- Directed by: Perttu Leppä
- Written by: Perttu Leppä
- Produced by: Johannes Lassila
- Cinematography: Jyrki Arnikari
- Edited by: Kimmo Taavila
- Production company: Talent House
- Distributed by: Finnkino
- Release date: 26 March 1999 (Finland);
- Running time: 100 minutes
- Country: Finland
- Language: Finnish
- Budget: €880,000
- Box office: $552,521 (Finland)

= A Long Hot Summer (film) =

A Long Hot Summer (Pitkä kuuma kesä) is a 1999 Finnish rock comedy film written and directed by Perttu Leppä. It was the most popular youth film of the 1990s in Finland. The film, set in 1980, tells the story of a fictional rock band called Kalle Päätalo.
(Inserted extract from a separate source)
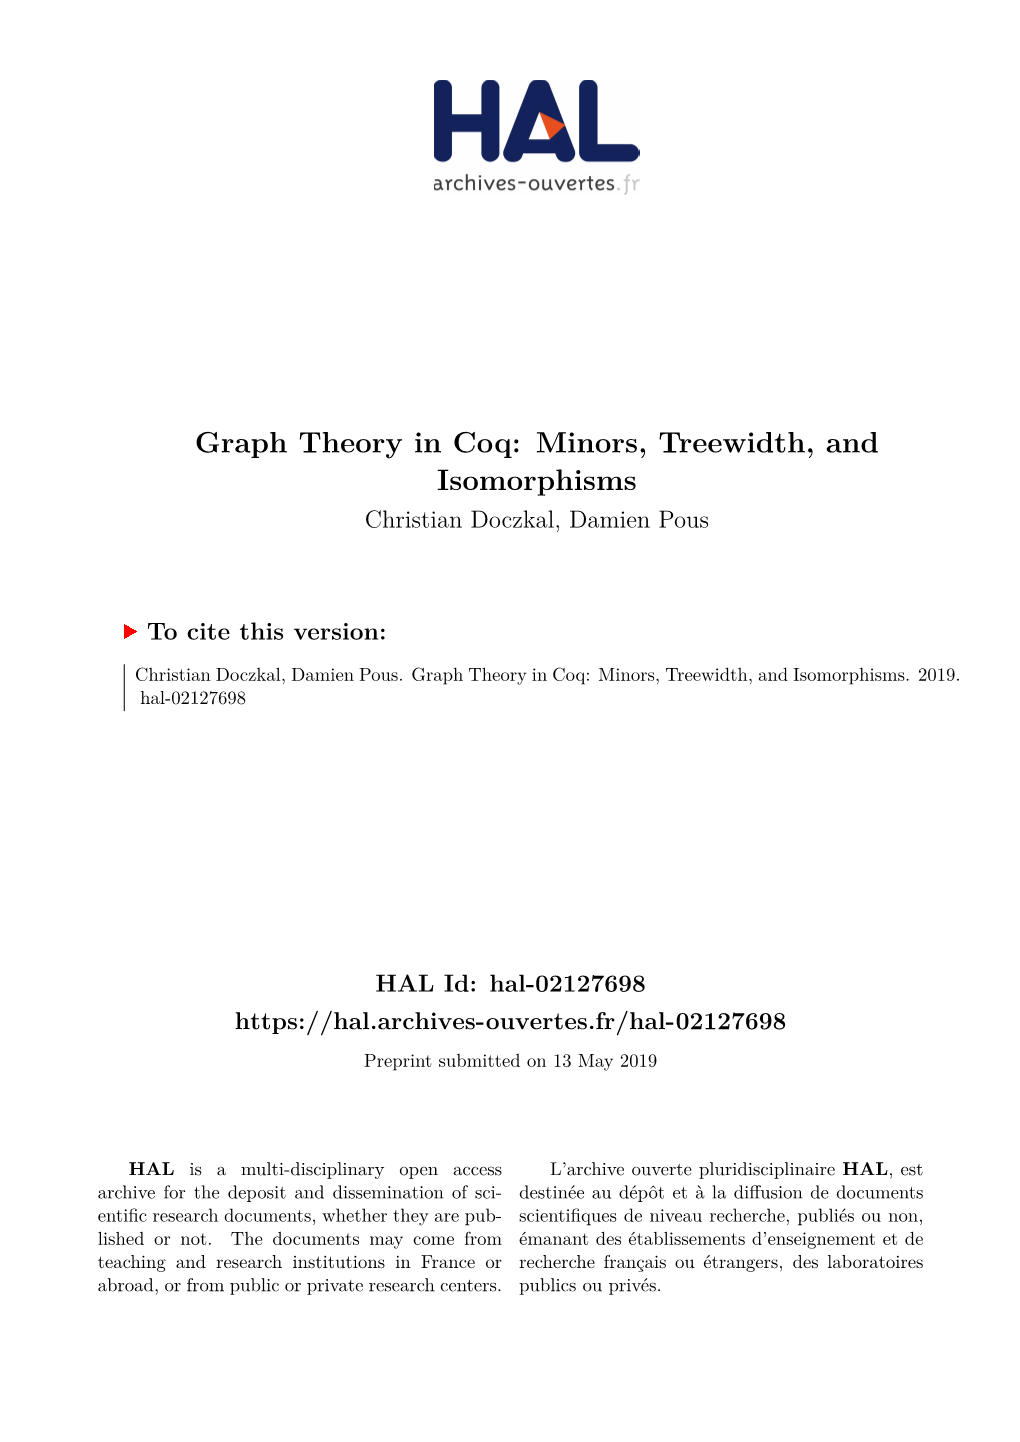 Graph Theory in Coq: Minors, Treewidth, and Isomorphisms Christian Doczkal, Damien Pous

Due to the film's popularity, the band started to tour around the country.

== Cast ==
- Unto Helo as Paavo "Patu" Taskinen, the manager and lyricist of the band Kalle Päätalo
- Hanna-Mari Karhinen as Noora, the driver of Kalle Päätalo
- Mikko Hakola as Jukka Lajunen, the singer of Kalle Päätalo
- Timo Lavikainen as Kukkonen, the drummer of Kalle Päätalo
- Konsta Hiekkanen as Jimi, the guitarist of Kalle Päätalo
- Olli Sorjonen as Kakkonen, the bassist of Kalle Päätalo
- Aino Seppo as Patu's mother
- Niina Stützle as Sanna, Patu's sister
- Toni Wirtanen as Lärssi, the singer of The Vittupäät
- Harri Tuovinen as Stuube, the bassist of The Vittupäät
- Pauli Rantasalmi as Pate, the drummer of The Vittupäät
- Aino Seppo - Patun äiti
- Niina Stützle - Sanna
==Reception==
The film grossed $87,070 in its opening week and went on to gross $552,521 in Finland.